What are your most important experiences or accomplishments at CSU?
I will be graduating with cum laude distinction and as a member of CSU’s Honors Program. My honors thesis is titled “Reducing Carbon Dioxide Emissions Through Policy Implementation,” and my advisor is Prof. Jo Barbier, who has been an invaluable mentor. I am a member of Phi Beta Kappa, the United State’s oldest and most prestigious honor society. I had a statistics internship through the University of Illinois Urbana-Champaign, and I had an economics internship through CSU in which I worked with Loveland’s Economic Development Department. I’m in a sorority, Kappa Alpha Theta, and I have held an officer position for it, Archivist/Historian. I was the Outreach Officer for Undergraduate Women in Economics and I’m currently Vice President of Operations for the Economics Student Leadership Council. I also learned so much as a Teaching Assistant for ECON 240 Issues in Environmental Economics.

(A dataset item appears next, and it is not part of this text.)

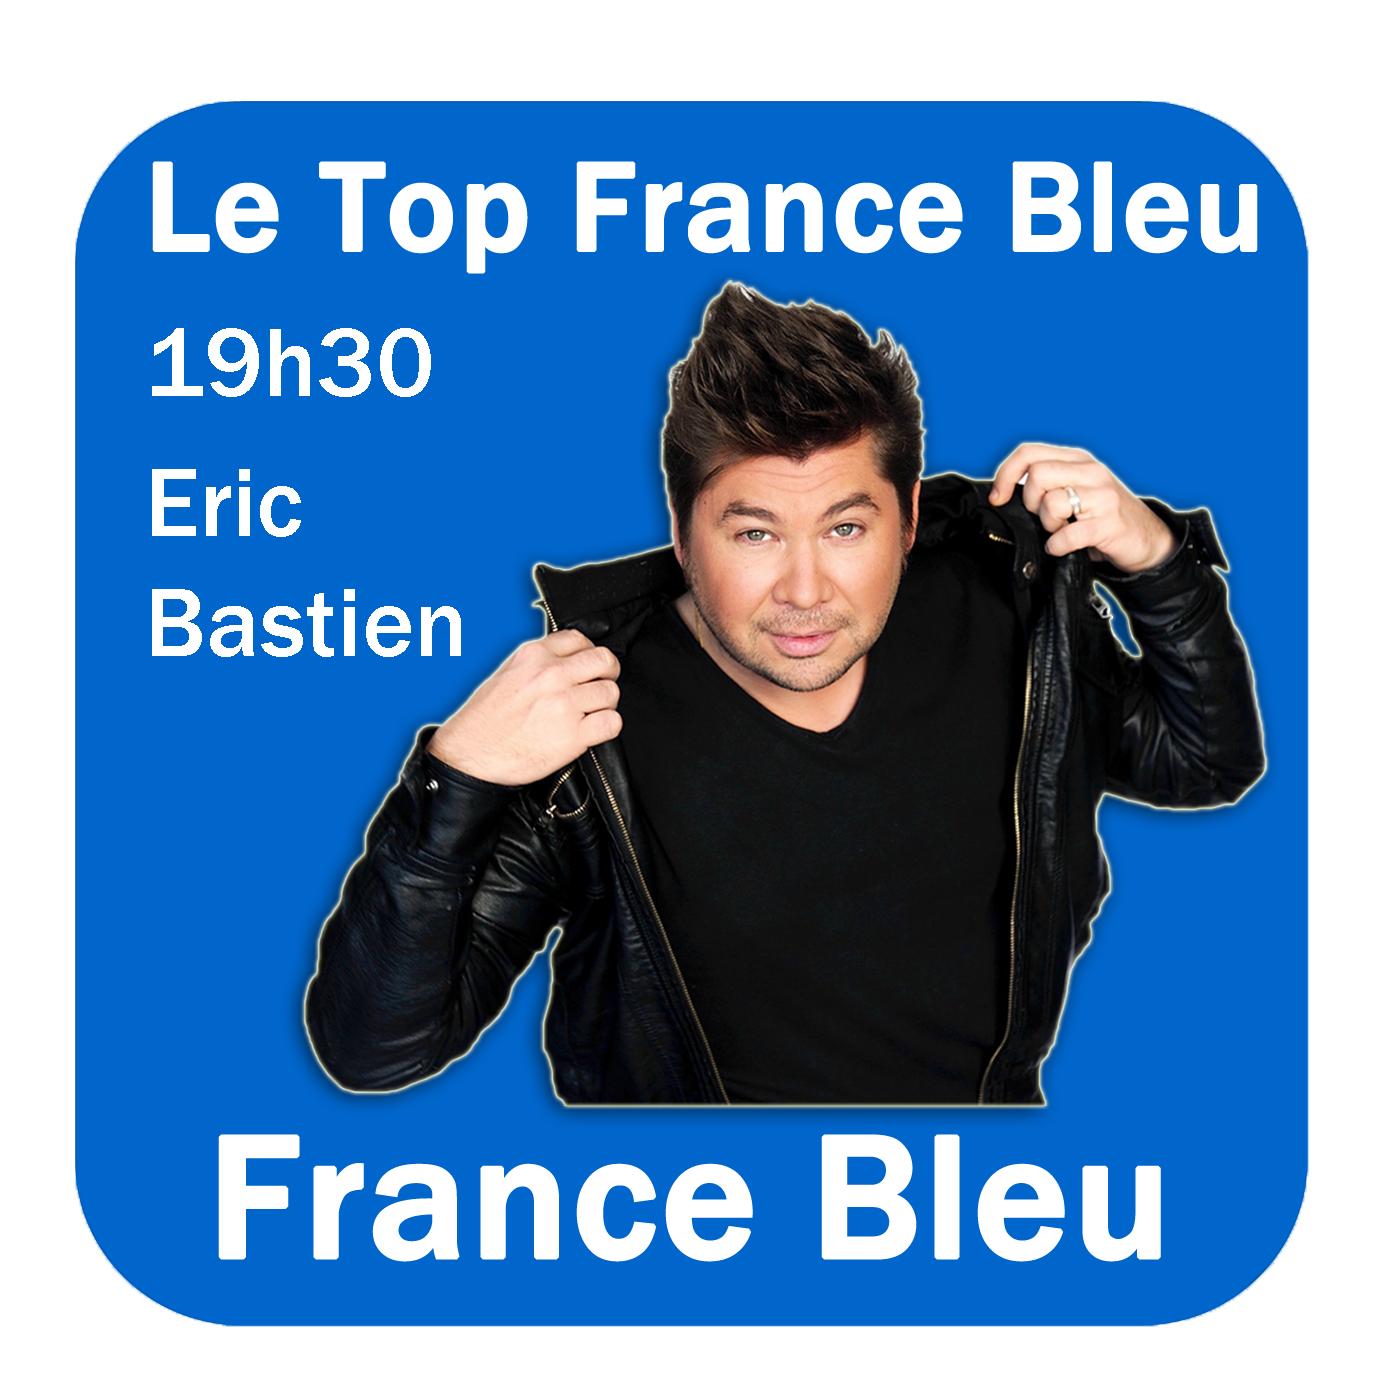 Le Top France Bleu

What advice would you give future economics majors?
My advice to future economics majors is to get involved in as many student organizations as you can, and to apply to internships and jobs, even the ones you don’t think you’ll get. It’s also very important to make connections with your professors and use all of the resources at your disposal, such as going to their office hours. If you think you might want to pursue graduate school in the future, ask your advisors and professors about any additional classes you should be taking to prepare for it.

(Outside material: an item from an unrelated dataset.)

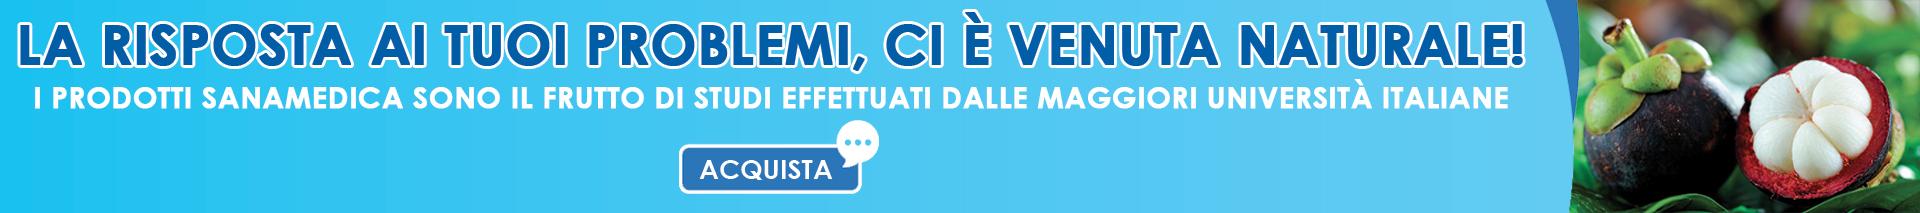 banner-Sanamedica-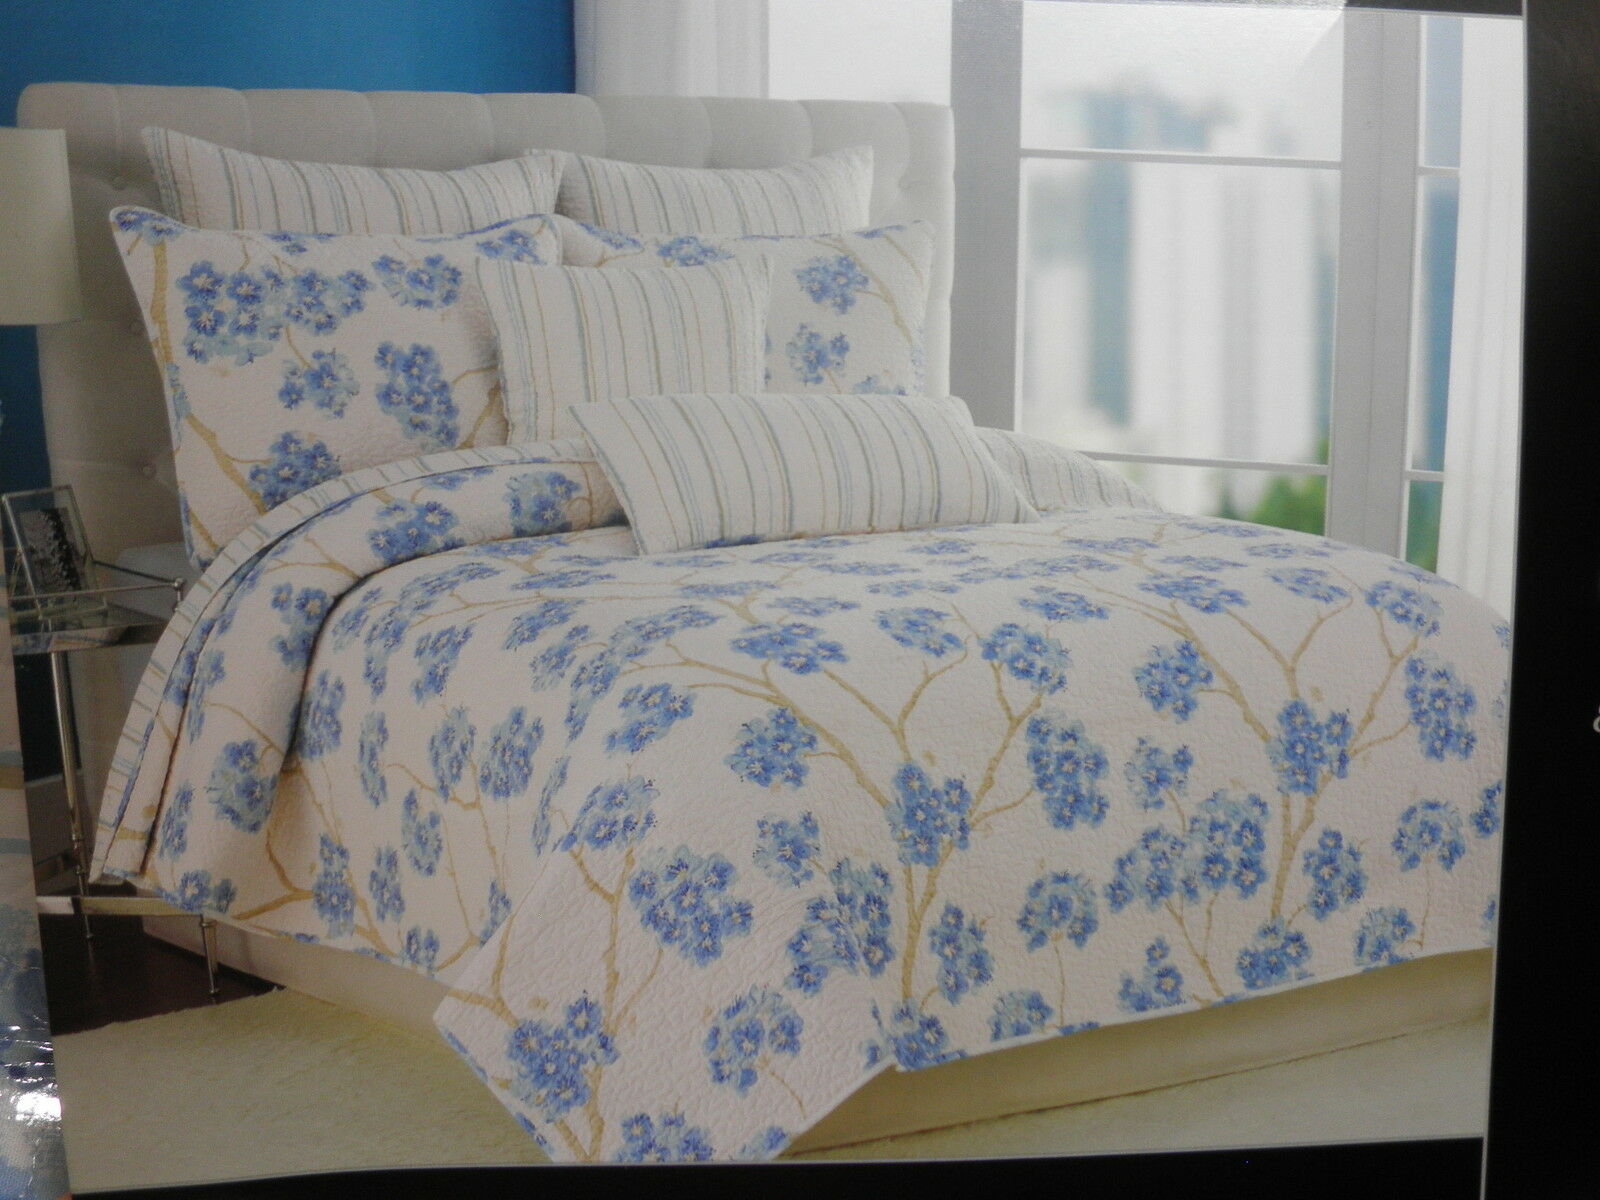 New Nicole Miller Home Reversible Flower & Stripe Full Queen Quilt  Blau Taupe

What are your 3 “must-take” economics courses?
ECON 240 Issues in Environmental Economics: I took ECON 240 with a very inspiring and engaging professor, Jo Barbier, and it introduced me to the branch of environmental economics, which I hadn’t previously known existed. Now I want to become an environmental economist in the future. I find it very interesting, and it’s very relevant in the face of climate change.
ECON 211 Gender in the Economy: ECON 211 made me think about gender and social norms in a quantitative way, and it prompted me to consider my role as a woman in economics.
ECON 410 Labor Economics: ECON 410 explained many of the occurrences in the workforce and helped me apply economic knowledge.
What is your next step?
After I graduate, I will study abroad in Florence, Italy and I will pursue jobs relating to economics and statistics.